Requirement
The full listing, excluding its pictures, should be printed exactly as it stands.

----

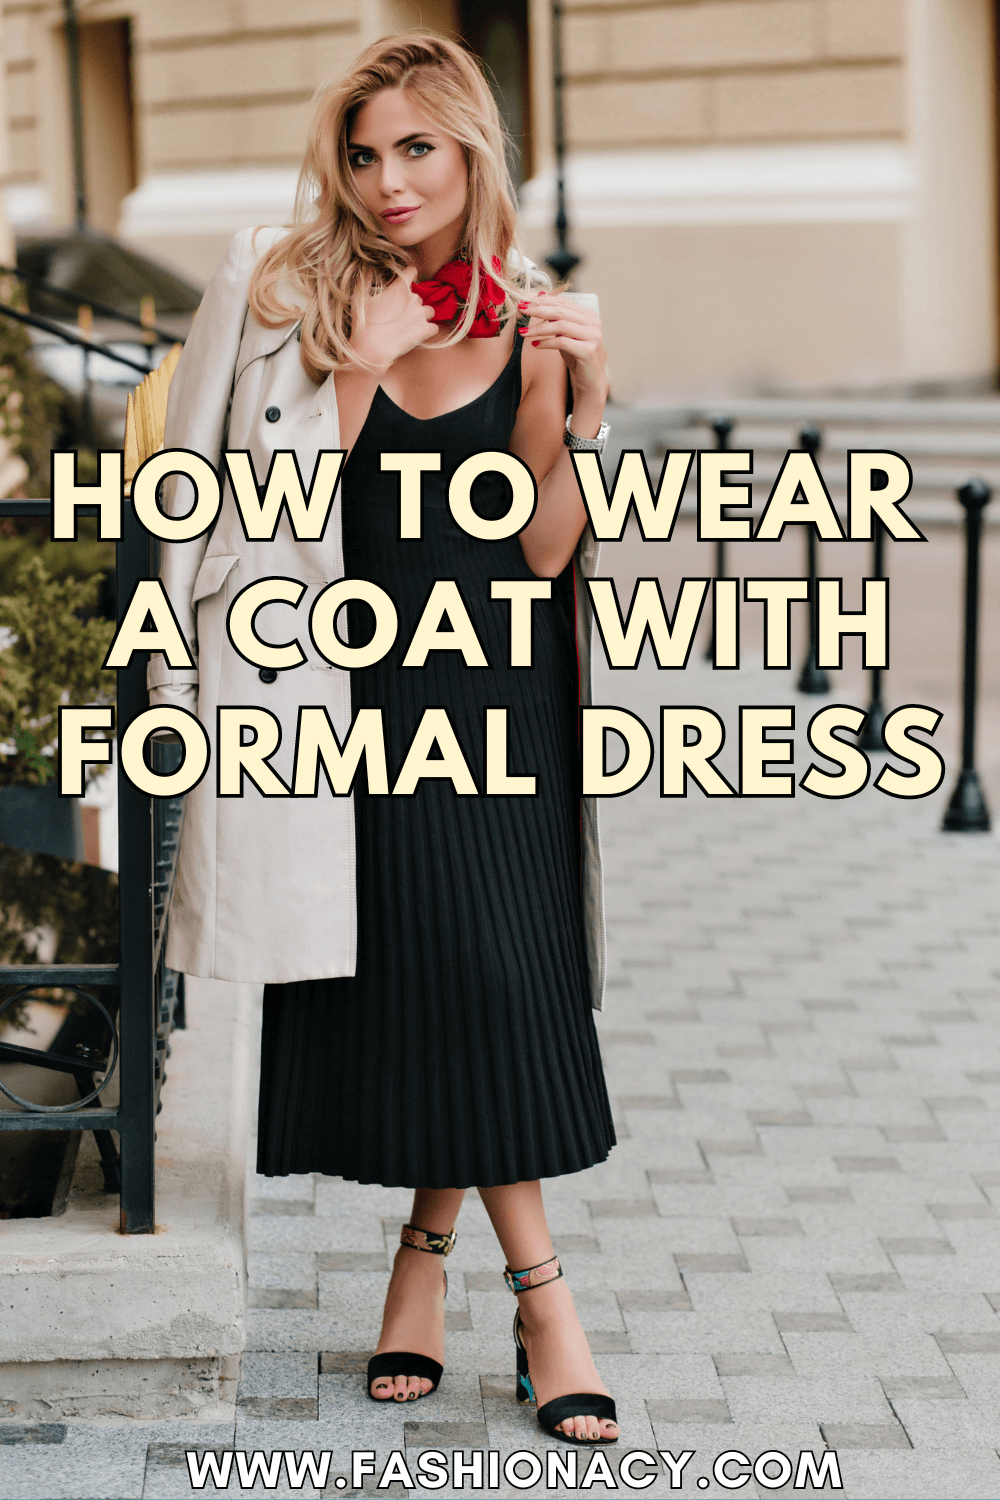 How to Wear Coat With Dress
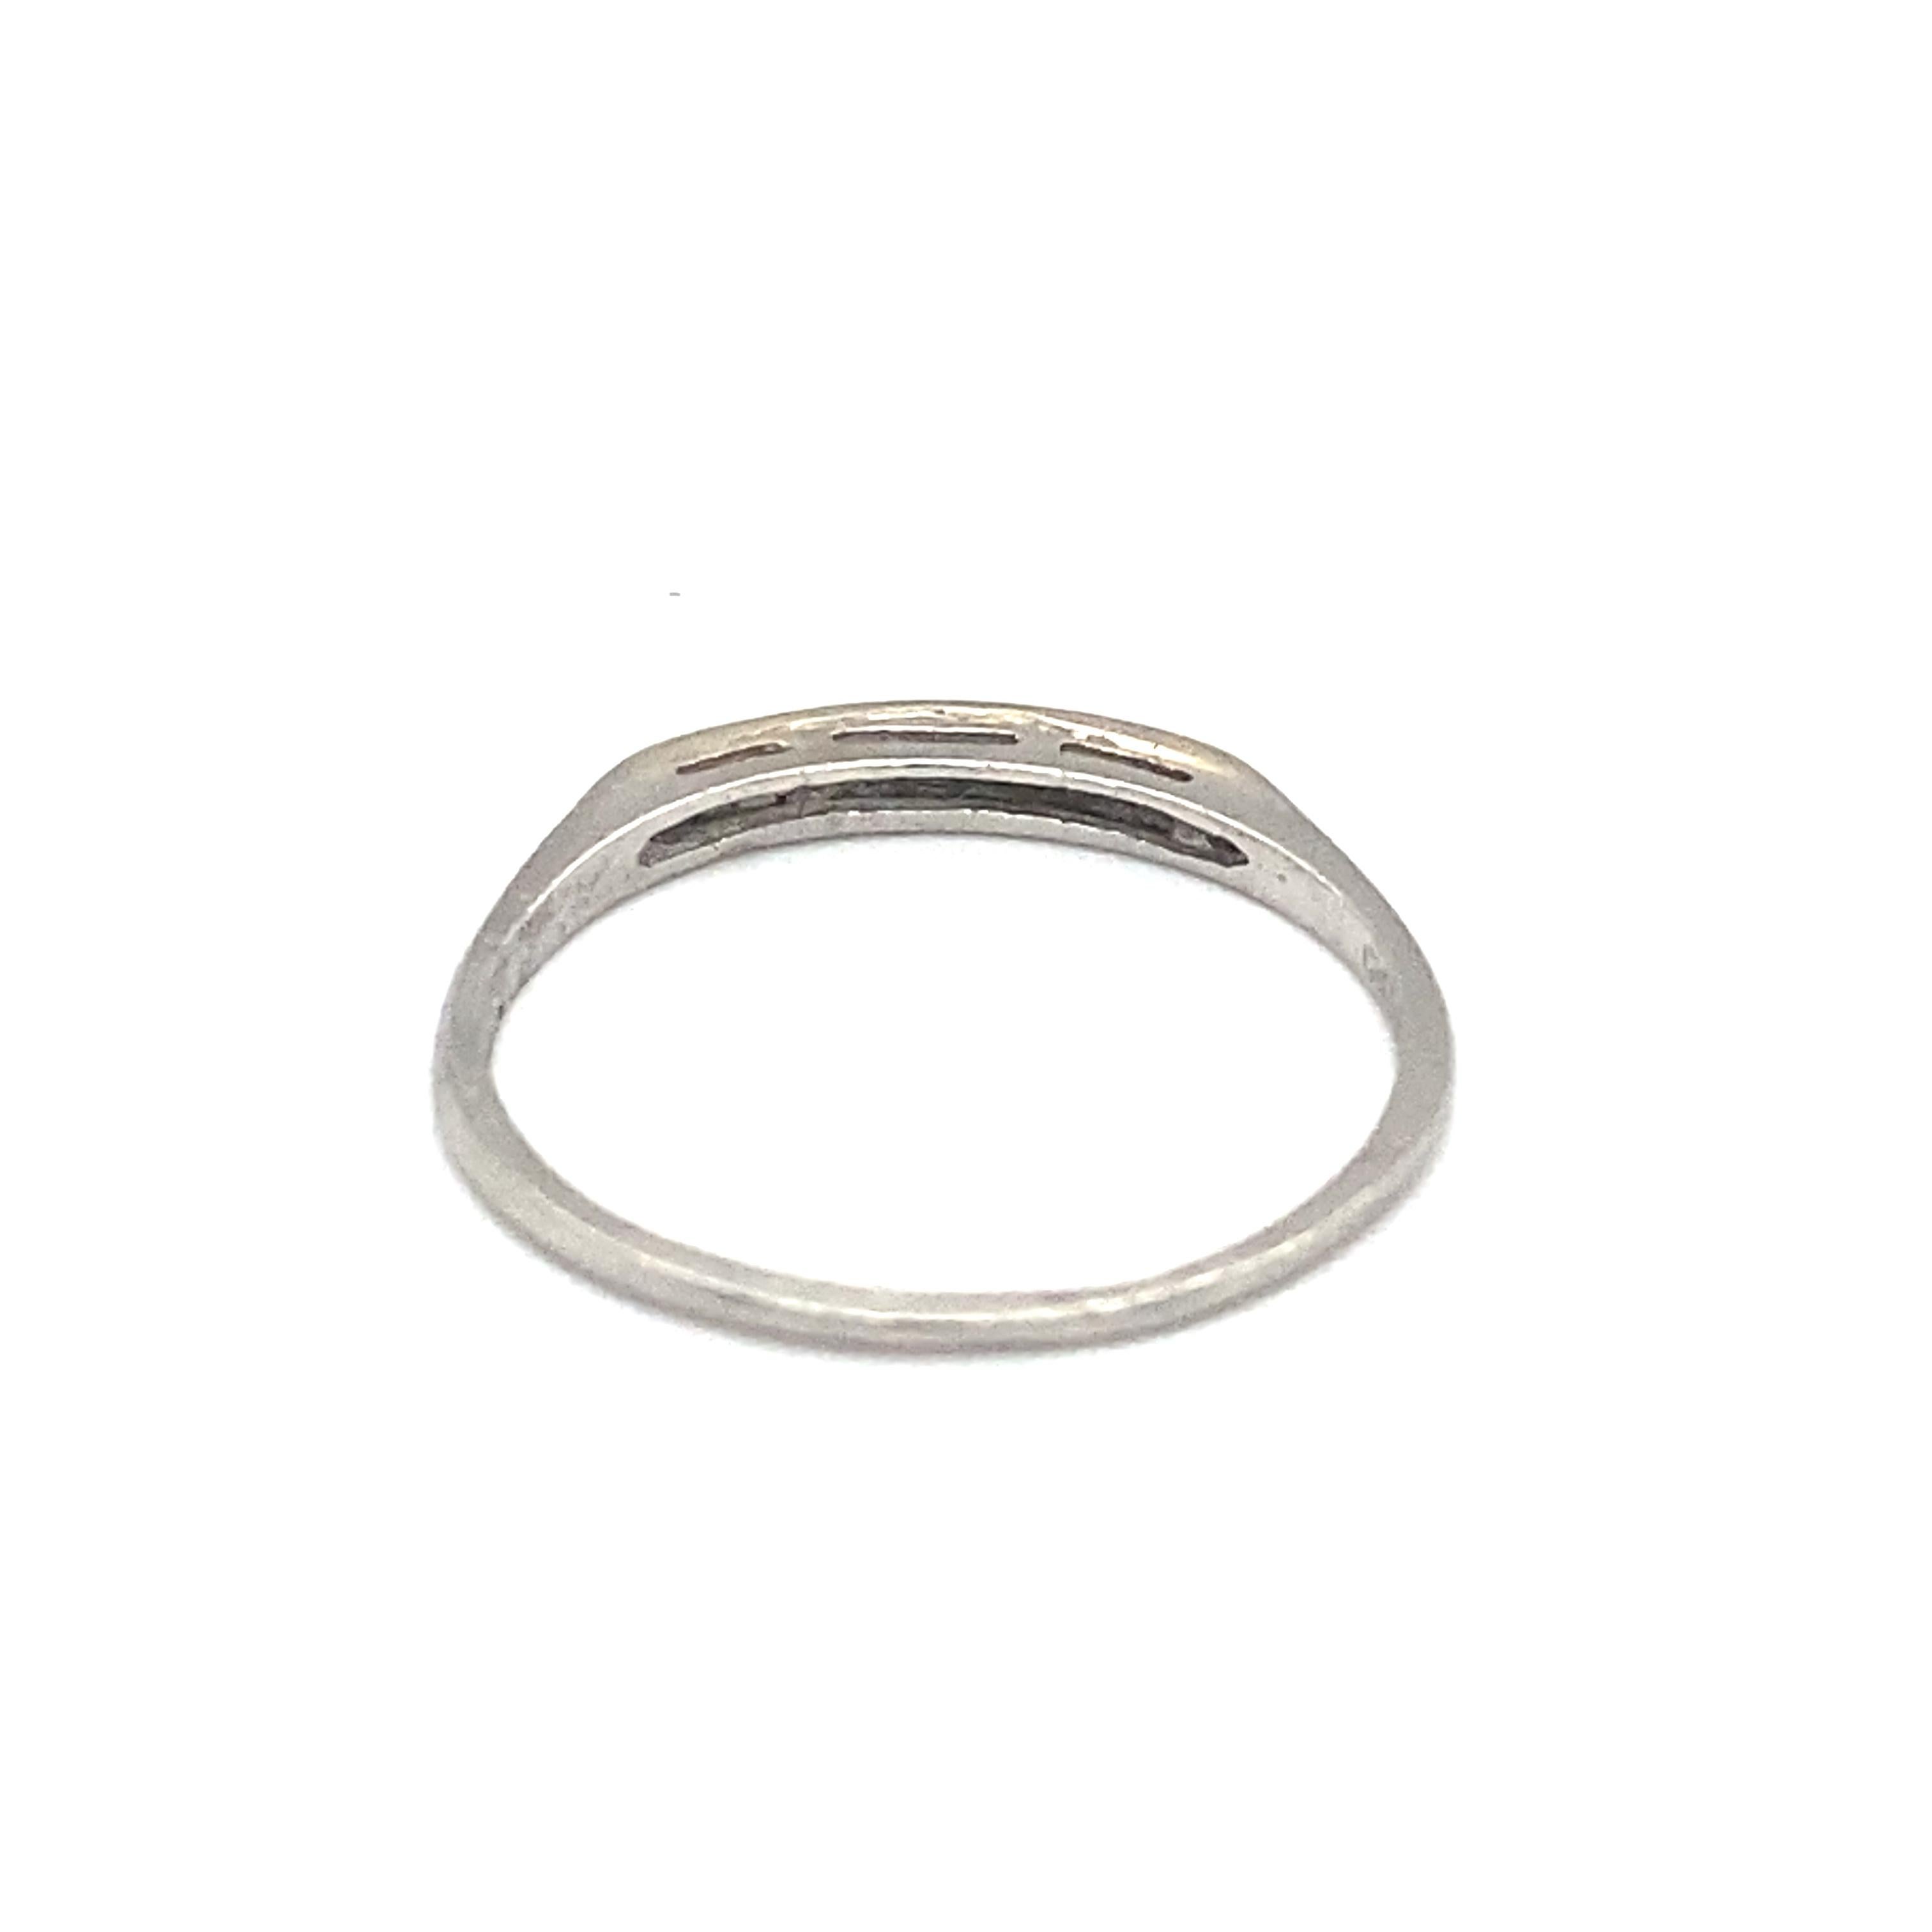 Item Details: This antique wedding band has round single cut and baguette diamonds and is inscribed with a date. It is platinum crafted and all diamonds are bezel. 

Circa: 1930s
Metal Type: Platinum
Weight: 1.9 grams
Size: US 8, resizable
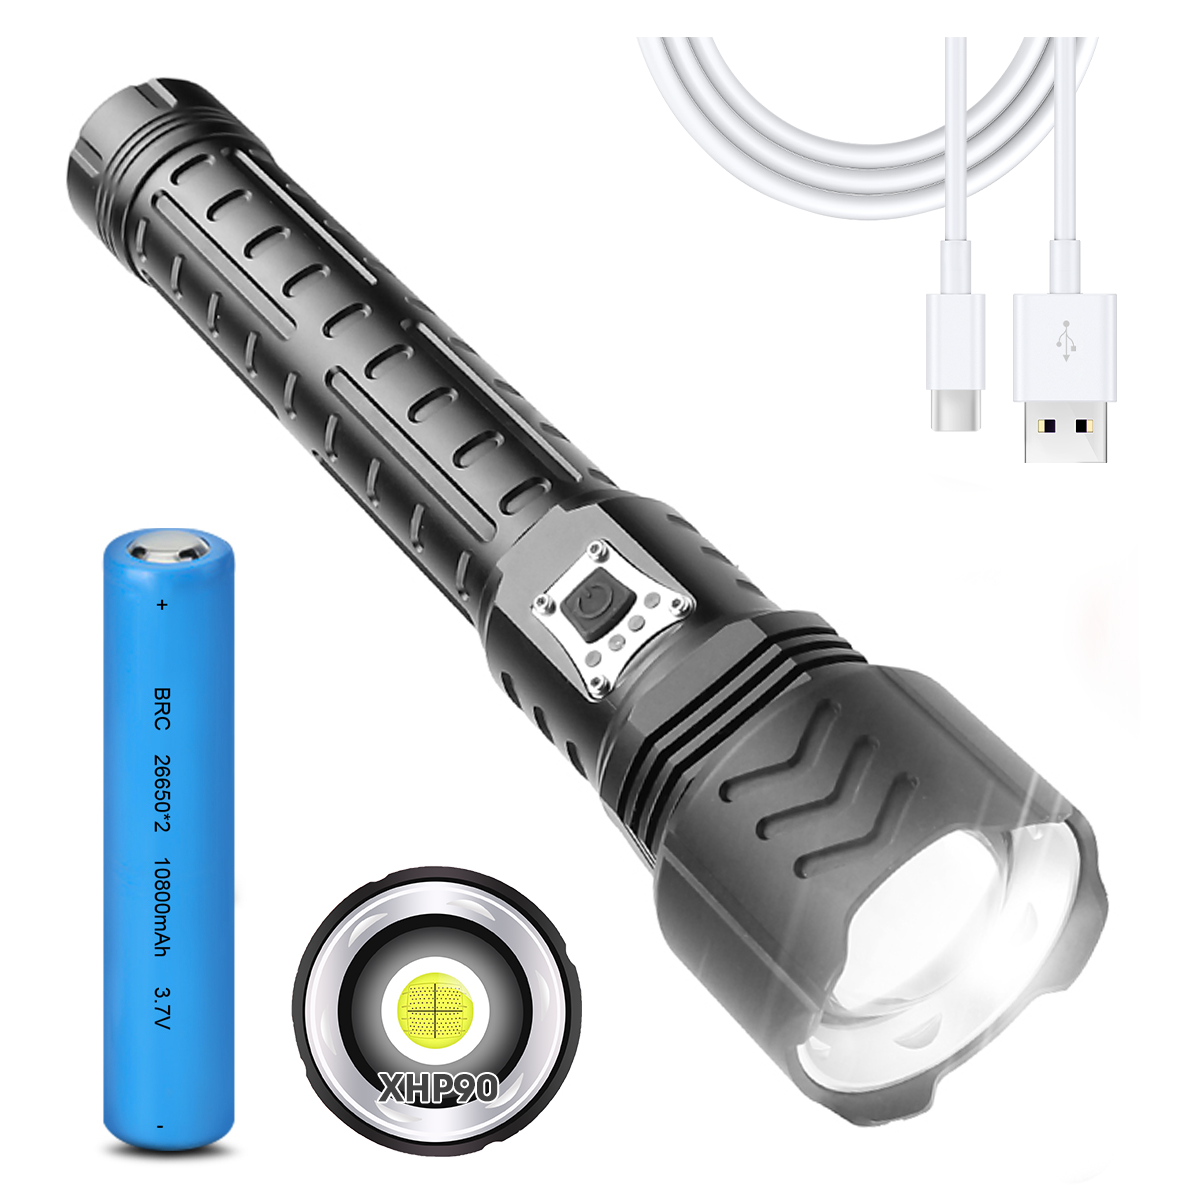 Portable USB Rechargeable 5 Modes & Zoomable P70.2 Tactical Flashlight High Brightness Waterproof

----

Answer below
 How to Wear Coat With Dress
 Item Details: This antique wedding band has round single cut and baguette diamonds and is inscribed with a date. It is platinum crafted and all diamonds are bezel. 

Circa: 1930s
Metal Type: Platinum
Weight: 1.9 grams
Size: US 8, resizable
 Portable USB Rechargeable 5 Modes & Zoomable P70.2 Tactical Flashlight High Brightness Waterproof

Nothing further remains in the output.